A machine-rendered reading of the paper's core claim, the machinery that carries it, and where it could break.
Core claim
Diversity is quantified as the progressive conditional surprise D_Ca_n = C × a_n extracted from a base model's per-token log-probabilities when responses are presented in random order within an in-context prompt; the metric is computed in one forward pass per permutation, needs no external data or trained components, and achieves 0.846 OCA on the McDiv prompt_gen set while detecting monotonic diversity loss across the base-to-RLVR pipeline on OLMo-2-7B.
What carries the argument
Progressive conditional surprise: the successive reduction in a base model's per-token log-probability when each new response is appended after the preceding ones presented in random order.
If this is right
- The same pipeline scores both AI-generated and human-written response sets without modification.

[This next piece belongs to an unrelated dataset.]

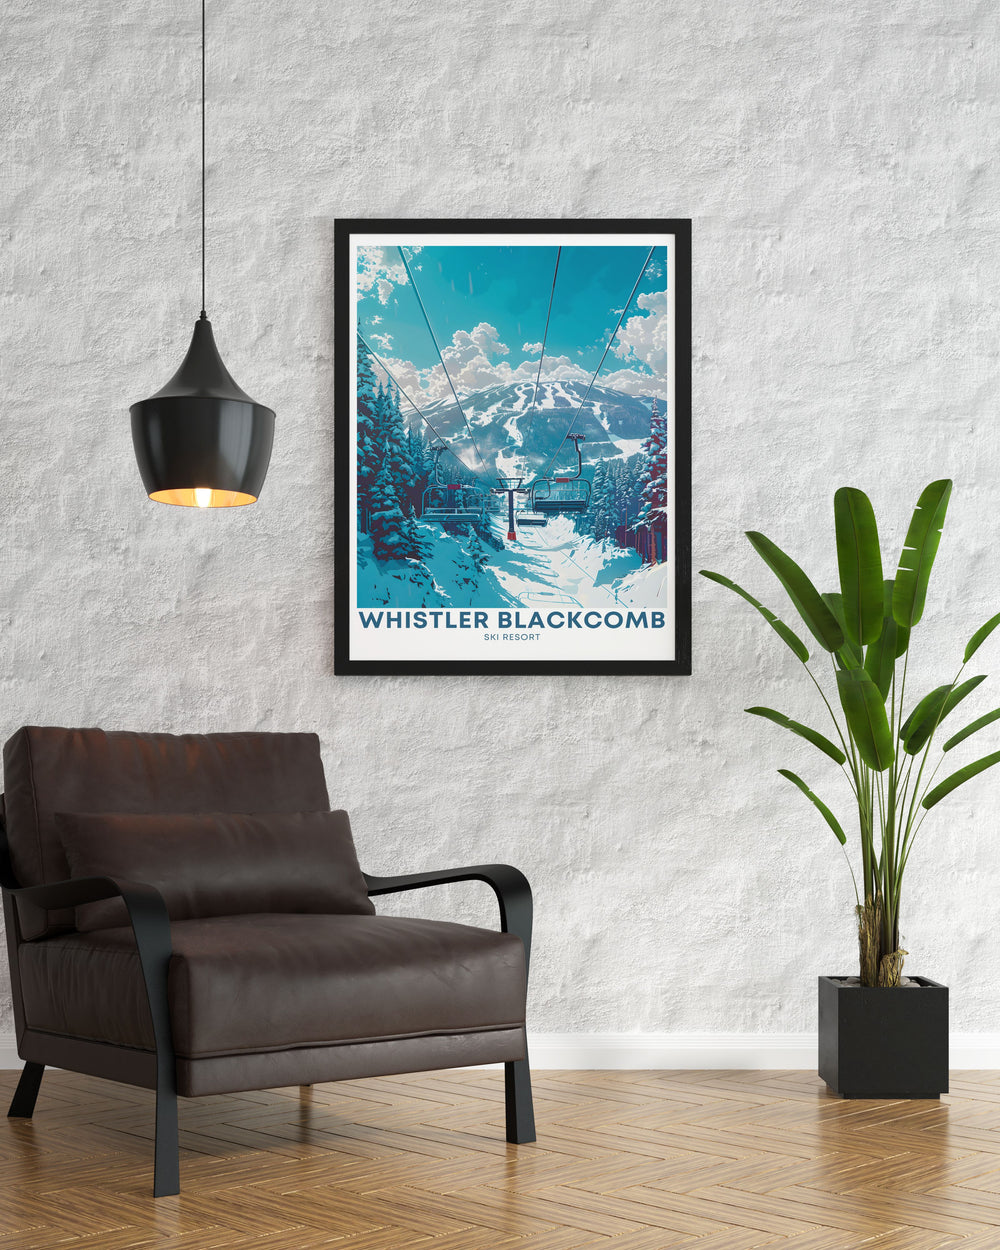 Vintage Whistler peak chair lifts print depicting the iconic chair lifts at Whistler Blackcomb, ideal for winter sports lovers looking to enhance their space with beautiful skiing artwork and snowboarding posters.

- D_Ca_n registers a monotonic drop in diversity across the base, SFT, DPO, and RLVR stages of post-training.
- The metric requires only a single forward pass per permutation on the base model already in use.
- No embedding model, reference corpus, or task-specific training is needed to obtain the score.

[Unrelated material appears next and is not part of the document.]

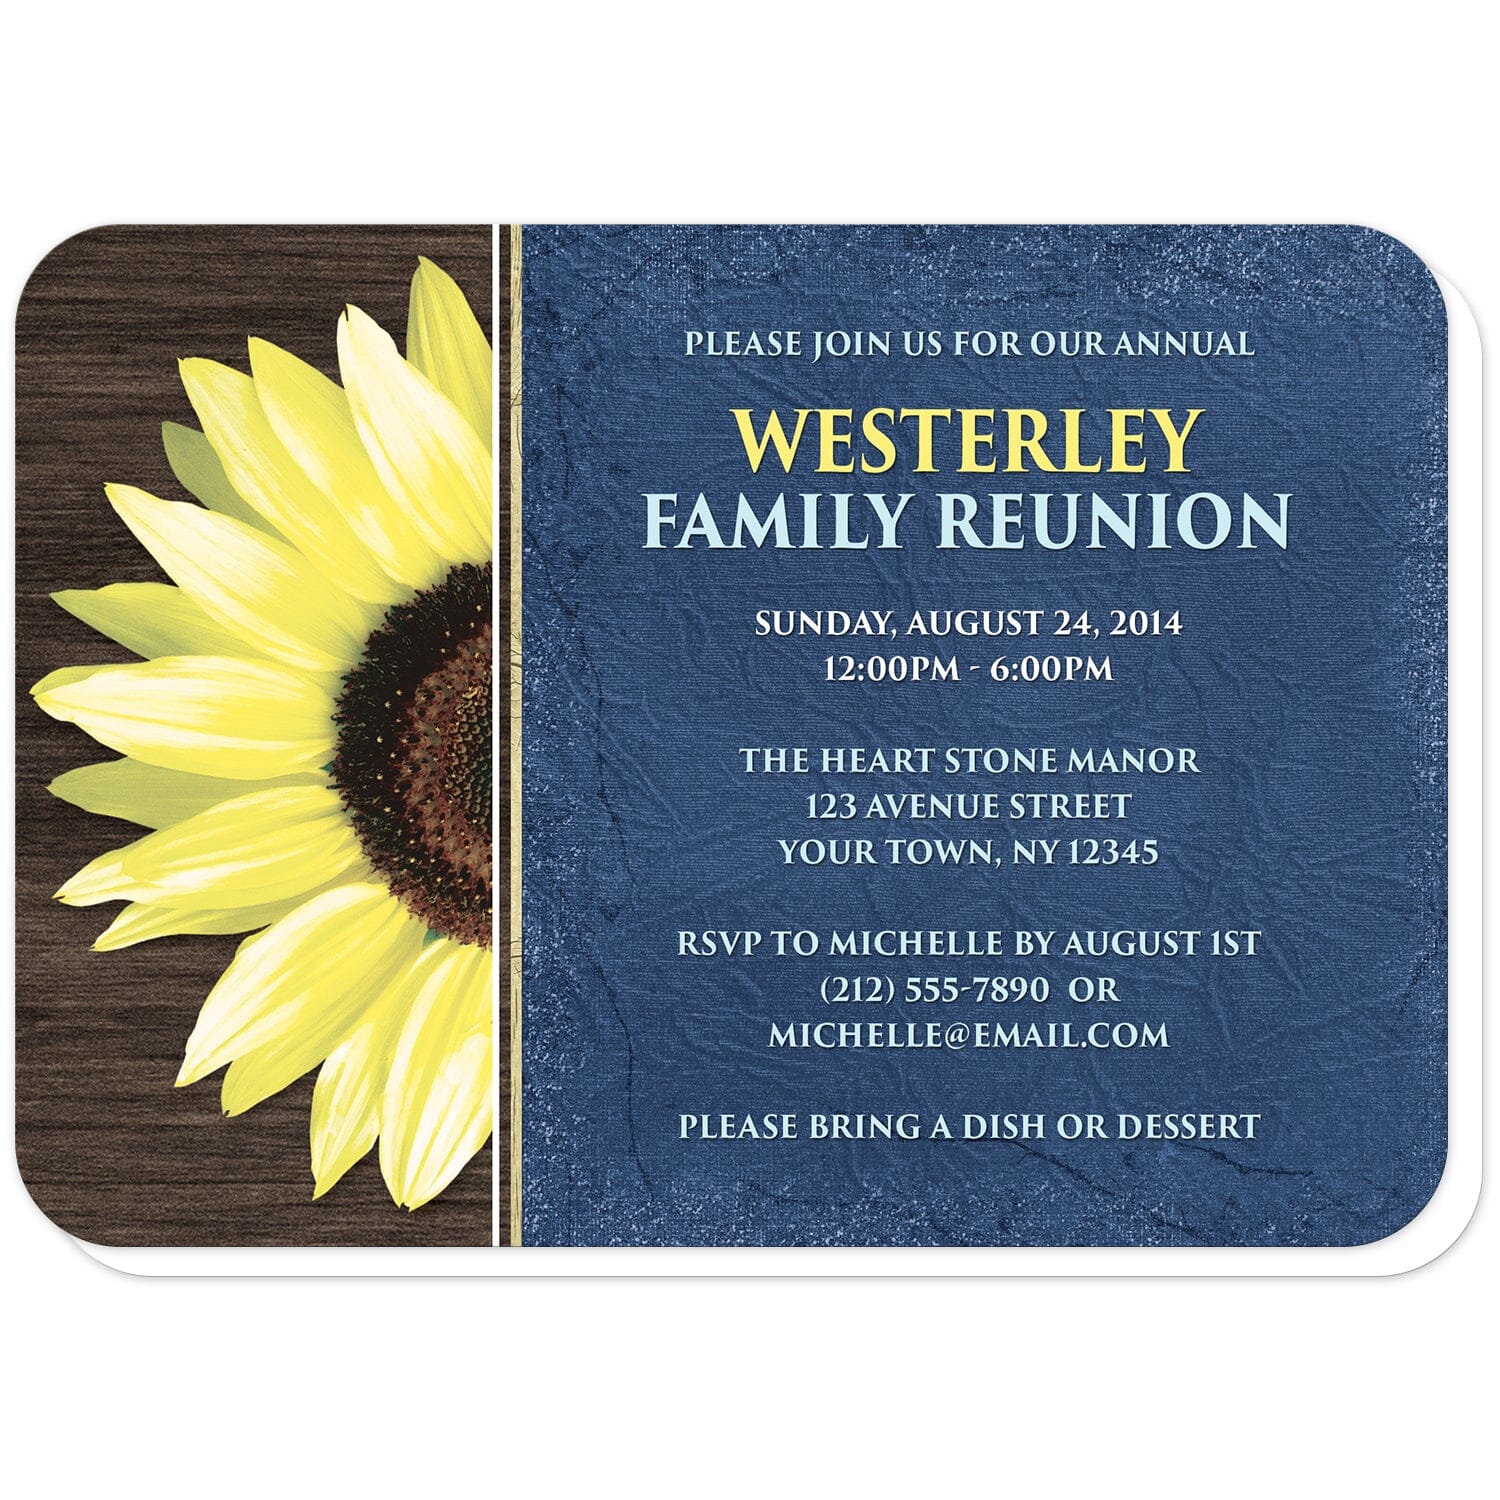 Rustic Sunflower with Blue Family Reunion Invitations (with rounded corners) at Artistically Invited. Country-inspired rustic sunflower with blue family reunion invitations featuring a vibrant bright yellow sunflower over a textured dark brown wood design along the left side. Your personalized reunion celebration details are custom printed in yellow and white over a tattered blue cloth illustration to the right of the sunflower.

Where Pith is reading between the lines
- The method could be inserted into training loops to monitor diversity loss in real time using the model being trained.
- It offers a way to compare decoding strategies or temperature settings on any prompt without additional infrastructure.
- Because the score is prompt-conditioned, it may surface prompt-specific notions of diversity that global embedding metrics miss.
Load-bearing premise
The progressive conditional surprise extracted from a base model's in-context permutations accurately captures the human notion of diversity that the McDiv benchmark measures.
What would settle it
Collect new human diversity ratings on a fresh set of response collections where the Decan metric and the existing McDiv labels disagree, then test whether the metric's ranking still aligns with the new human judgments.
Figures
read the original abstract
Measuring the diversity of creative outputs is central to evaluating post-training mode collapse, comparing decoding strategies, and quantifying creative behavior in both AI and human writing. We propose a new approach to measuring diversity using in-context learning, of which the ``Decan'' metric, $D_{Ca_n} = C \times a_n$, is the working instance we evaluate: a per-byte score read off the per-token log-probabilities of a base model $\theta$ in a \emph{single forward pass} per permutation, with no embedding model, no reference corpus, and no human labels. This approach is grounded in information theory, makes use of language model in-context learning to detect a wide range of similarities between any number of inputs, and obviates the need to train a special-purpose model. The same pipeline scores AI samples and human-written response sets, with diversity treated as a property of (responses, prompt, scoring model). On Tevet and Berant's human-grounded McDiv benchmark, $D_{Ca_n}$ reaches OCA 0.846 on the McDiv prompt\_gen set where it performs best, behind the strongest neural baseline reported in Tevet and Berant (SentBERT, 0.897). On the OLMo-2-7B post-training pipeline, $D_{Ca_n}$ drops monotonically across the base $\to$ SFT $\to$ DPO $\to$ RLVR stages, detecting the type of diversity loss that creative-writing applications care about.
Editorial analysis
A structured set of objections, weighed in public.
Referee Report
Summary. The paper proposes the Decan metric D_{Ca_n} = C × a_n, a reference-free diversity measure derived from progressive conditional surprise in a base model's per-token log-probabilities under in-context permutations of responses (single forward pass per permutation). It reports an OCA of 0.846 on the McDiv prompt_gen set (behind SentBERT at 0.897) as evidence of alignment with human-grounded diversity judgments, and shows that the metric decreases monotonically across the base → SFT → DPO → RLVR stages of the OLMo-2-7B pipeline, claiming to detect post-training diversity loss relevant to creative applications.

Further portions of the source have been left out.